Combined Performance of the Data Splits

Description

Combined Performance of the Data Splits

Usage

Combined_Performance(Sub.Est.Mdls)
Combined_Performance(Sub.Est.Mdls)

Arguments

Sub.Est.Mdls

is the total perfomance of exog.

Value

The output from Combined_Performance.

Examples


sample_data <- sample_data[c(1:750),]
yvar <- c("Loan.Type")
xvar <- c("sex", "married", "age", "havejob", "educ", "political.afl",
"rural", "region", "fin.intermdiaries", "fin.knowldge", "income")
CCP.RF <- Estimate_Models(sample_data, yvar, xvec = xvar, exog = "political.afl",
xadd = c("networth", "networth_homequity", "liquid.assets"),
type = "RF", dnames = c("0","1"))
Sub.CCP.RF <- list (Mdl.1 = CCP.RF$EstMdl$`D.1+networth`,
Mdl.0 = CCP.RF$EstMdl$`D.0+networth`)
CCP.NoCCP.RF <- Combined_Performance (Sub.CCP.RF)
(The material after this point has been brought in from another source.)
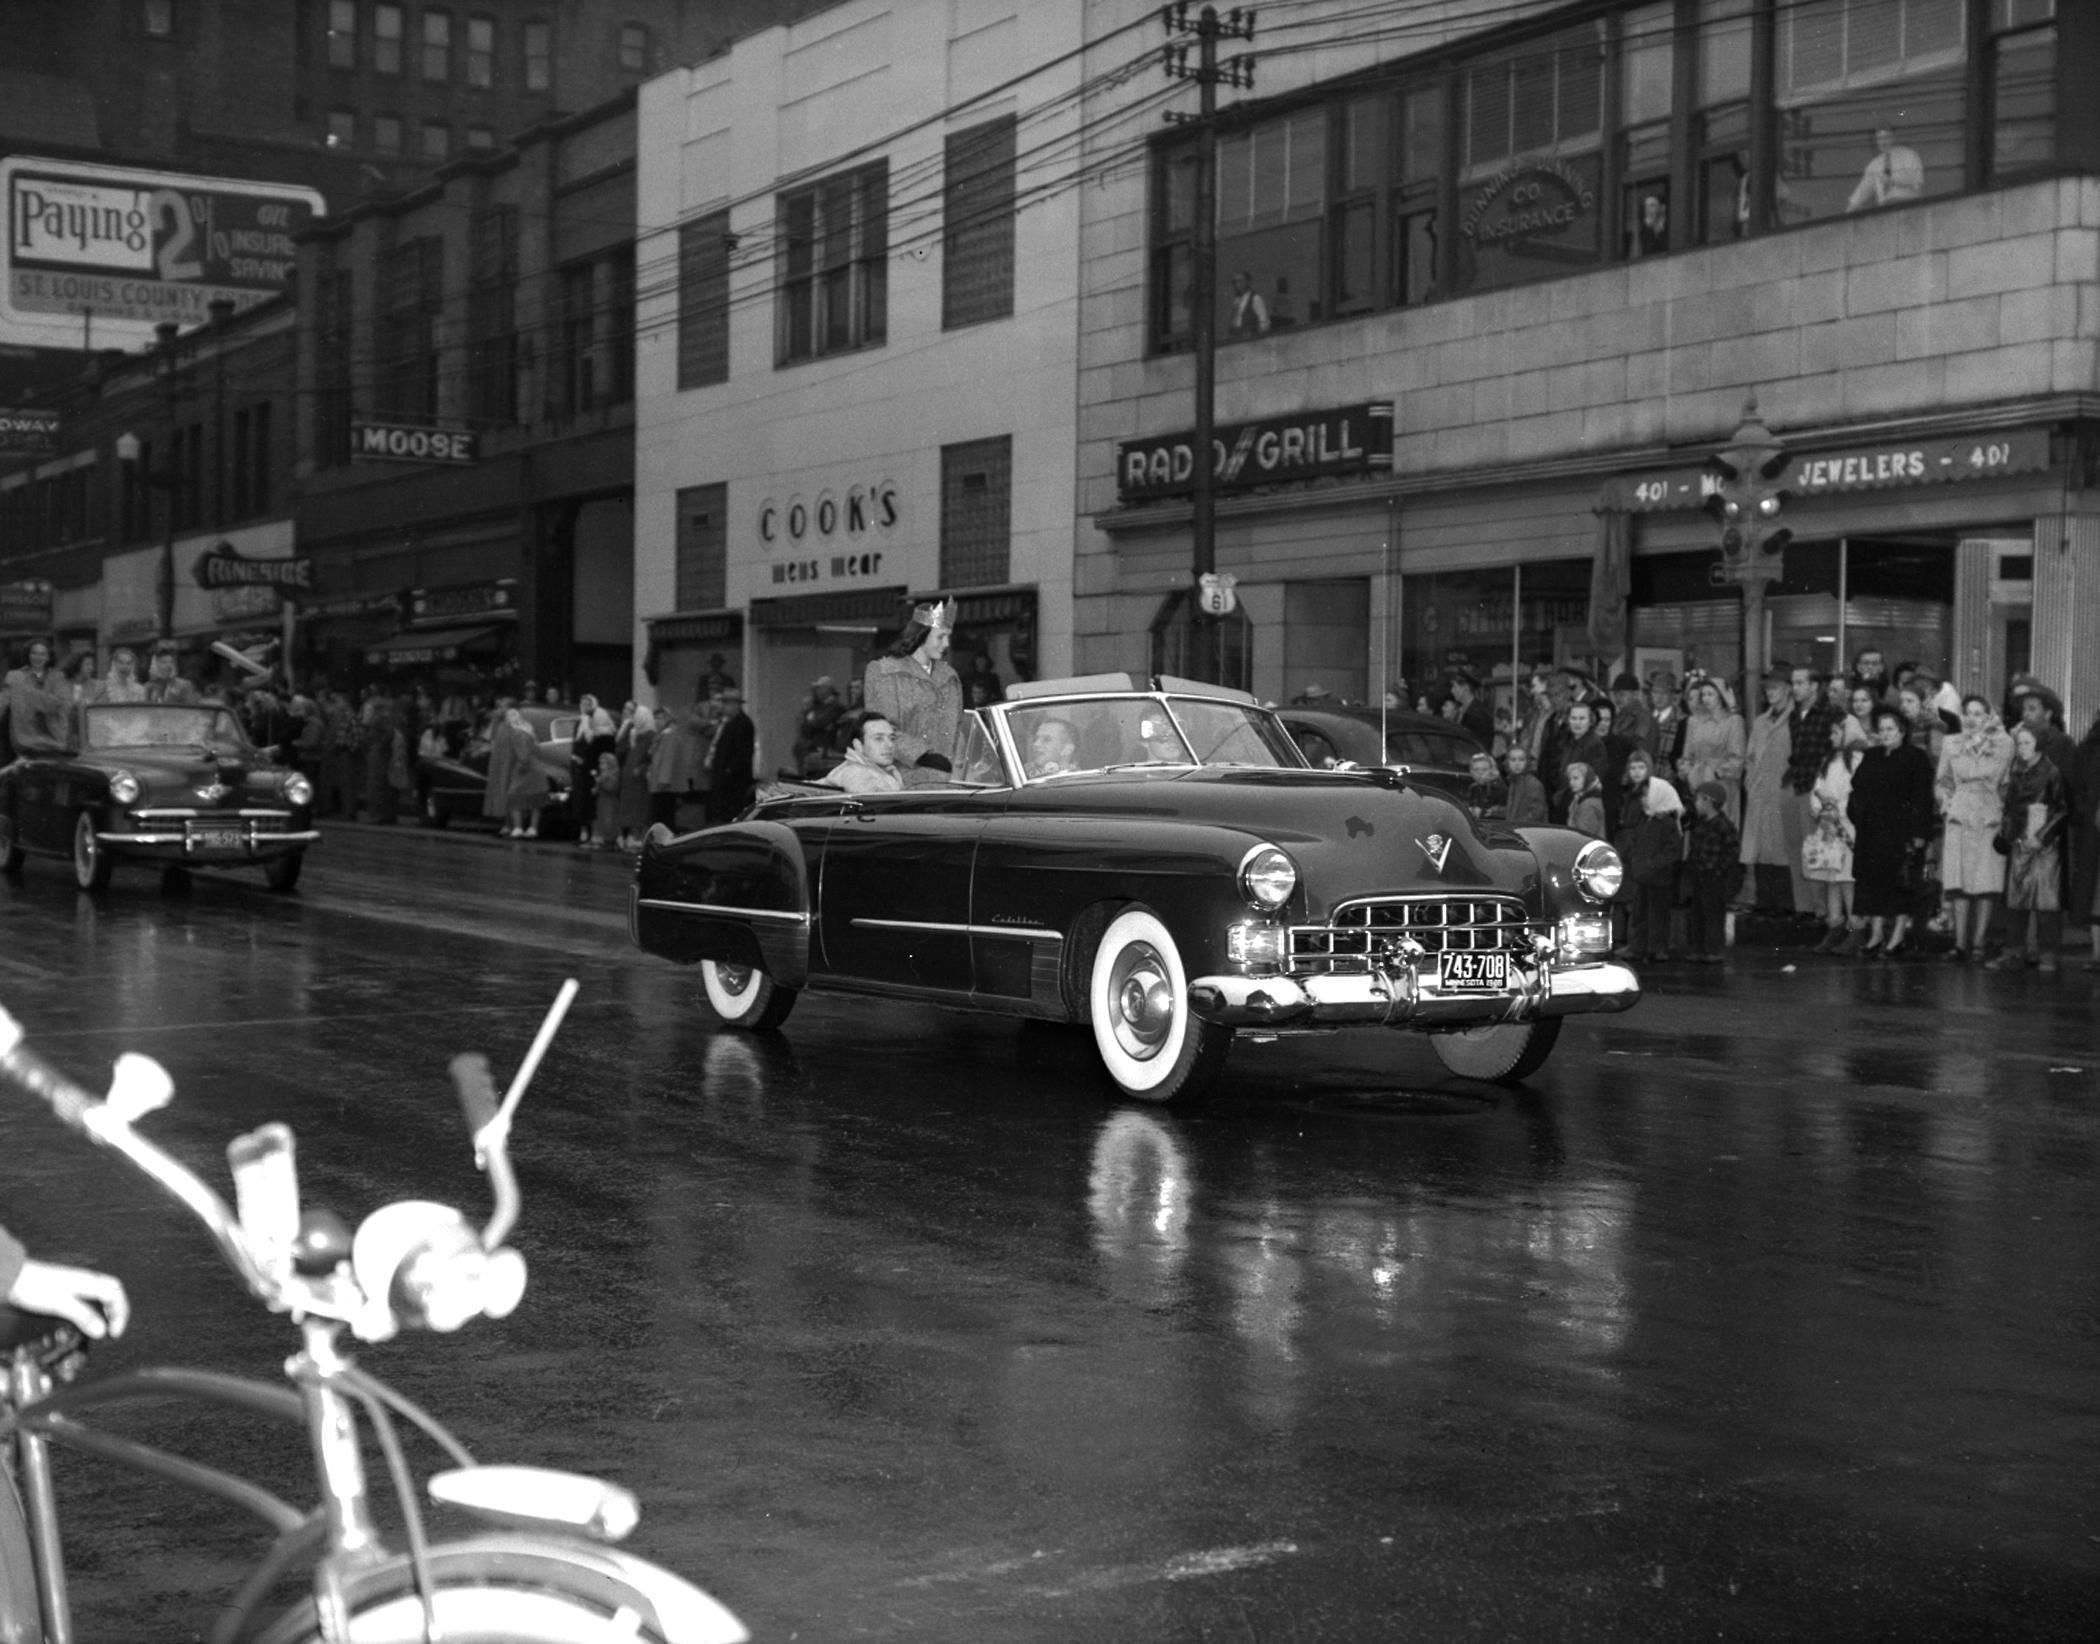 UMD Homecoming 1948

sample_data <- sample_data[c(1:750),]
yvar <- c("Loan.Type")
xvar <- c("sex", "married", "age", "havejob", "educ", "political.afl",
"rural", "region", "fin.intermdiaries", "fin.knowldge", "income")
CCP.RF <- Estimate_Models(sample_data, yvar, xvec = xvar, exog = "political.afl",
xadd = c("networth", "networth_homequity", "liquid.assets"),
type = "RF", dnames = c("0","1"))
Sub.CCP.RF <- list (Mdl.1 = CCP.RF$EstMdl$`D.1+networth`,
Mdl.0 = CCP.RF$EstMdl$`D.0+networth`)
CCP.NoCCP.RF <- Combined_Performance (Sub.CCP.RF)

Results of the Each Data and Data Splits

Description

Results of the Each Data and Data Splits

Usage

Estimate_Models(DataSet, yvar, exog = NULL, xvec, xadd, type, dnames)
Estimate_Models(DataSet, yvar, exog = NULL, xvec, xadd, type, dnames)

Arguments

`DataSet`	The name of the Dataset.
`yvar`	Y variable.
`exog`	is a vector to be subtract from the calculation.
`xvec`	is a vector of the variables to be used.
`xadd`	is an additional vector to be used.
`type`	can be RF, GLM, MLM, BAG, and GBM.
`dnames`	is the unique values of exog.

Value

The output from Estimate_Models.

Examples


sample_data <- sample_data[c(1:750),]
m2.xvar0 <- c("sex","married","age","havejob","educ","rural","region","income")
CCP.RF <- Estimate_Models(sample_data, yvar = c("Loan.Type"),
exog = "political.afl", xvec = m2.xvar0,
xadd = "networth", type = "RF", dnames = c("0","1"))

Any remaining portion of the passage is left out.